The German Bundestag passed the sixth Act amending the Act against Restrictions on Competition (Gesetzes gegen Wettbewerbsbeschränkung - GWB) on 8 May 1998. The Federal Council (Bundesrat) also passed it by a large majority on 29 May 1998. The way is therefore clear for the Act to take effect on 1 January 1999. At the end of last year, the Federal Court ( Bundesgerichtshof - BGH) had ruled that central marketing of television rights for the home matches of teams competing for the European Cup and the European CupWinners' Cup violated Section 1, para. 1, sentence 1 of the GWB (see IRIS 1998-1: 7). The ensuing debate gave rise to demands that sport be made a special case (see IRIS 1998-2: 13). Speaking at the World Sports Forum in St. Moritz on 8 March 1993, the Director General of the European Commission's DG IV declared that granting an exemption for sport in German law would in no way ensure exemption at Community level. He considered a general exemption unnecessary, undesirable and unjustified, since the rules on competition were sufficiently flexible to accommodate sport's special features.

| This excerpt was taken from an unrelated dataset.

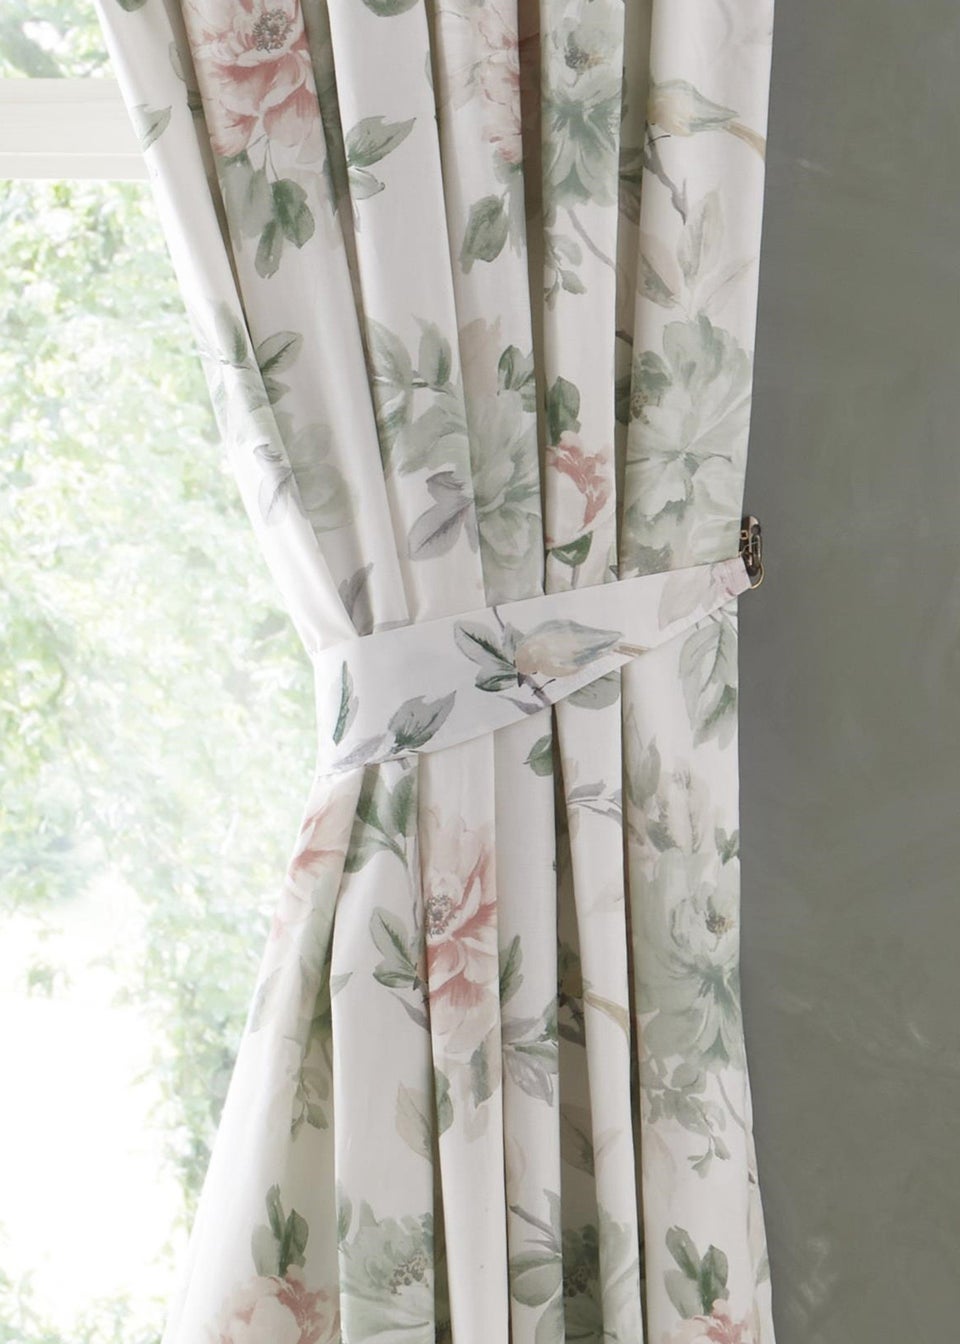 Appletree Heritage Campion Sateen Green Pencil Pleat Curtains With Tie-Backs
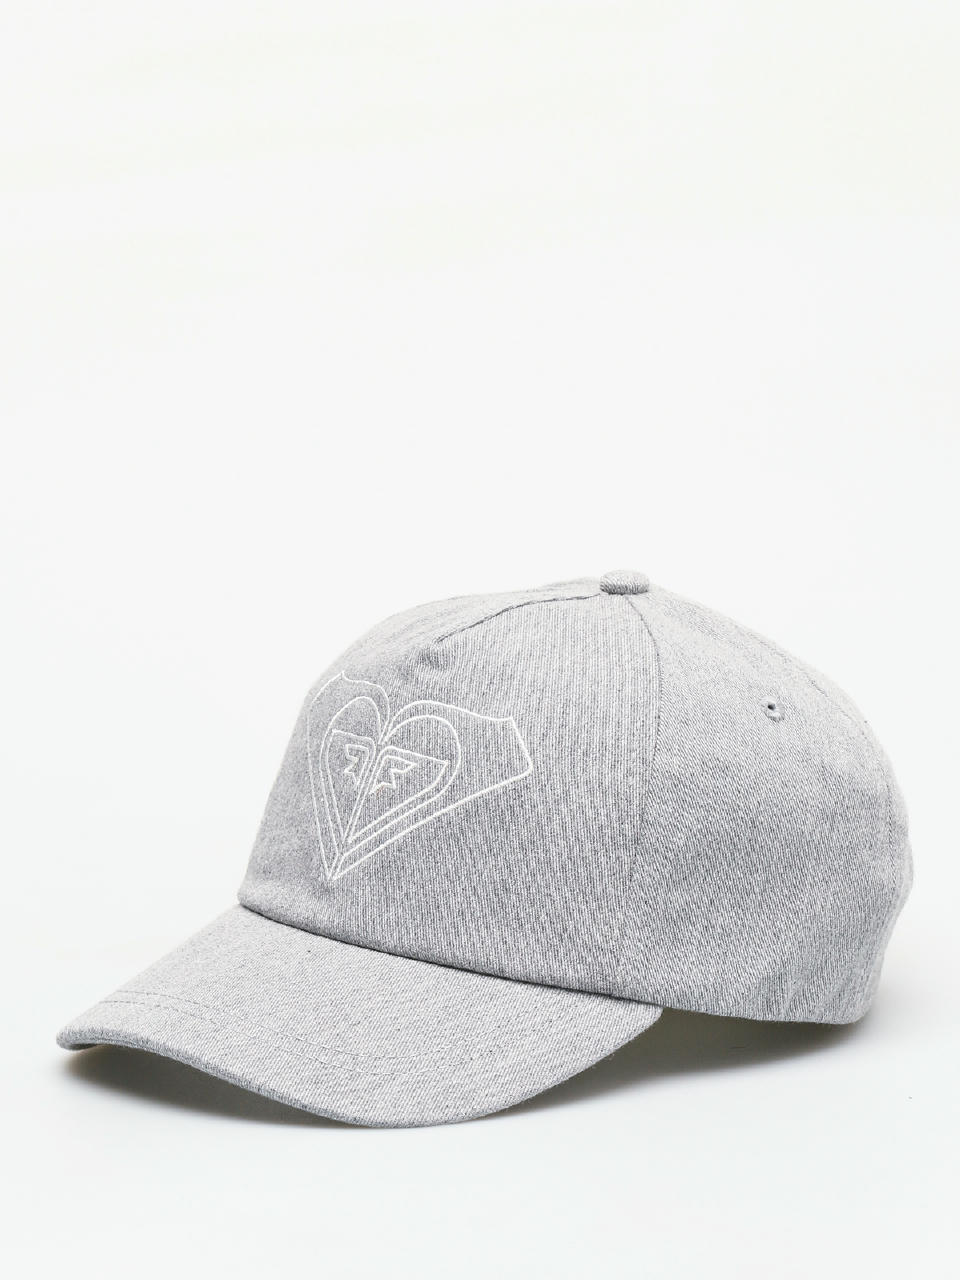 Roxy Extra Innings A ZD Cap Wmn (heritage heather)

In spite of this statement and of the Federal Cartel Office's reservations, an exception has now been made in the GWB for the central marketing of television rights to sports events. Under Section 31 of the GWB, Section 1 (which prohibits monopolies) does not apply to central marketing of television rights to sports fixtures by sports associations which «in fulfilment of their social policy role, also have a duty to promote sport among young people and amateurs, and are enabled to do so by receiving an appropriate share of the income from central marketing of these television rights».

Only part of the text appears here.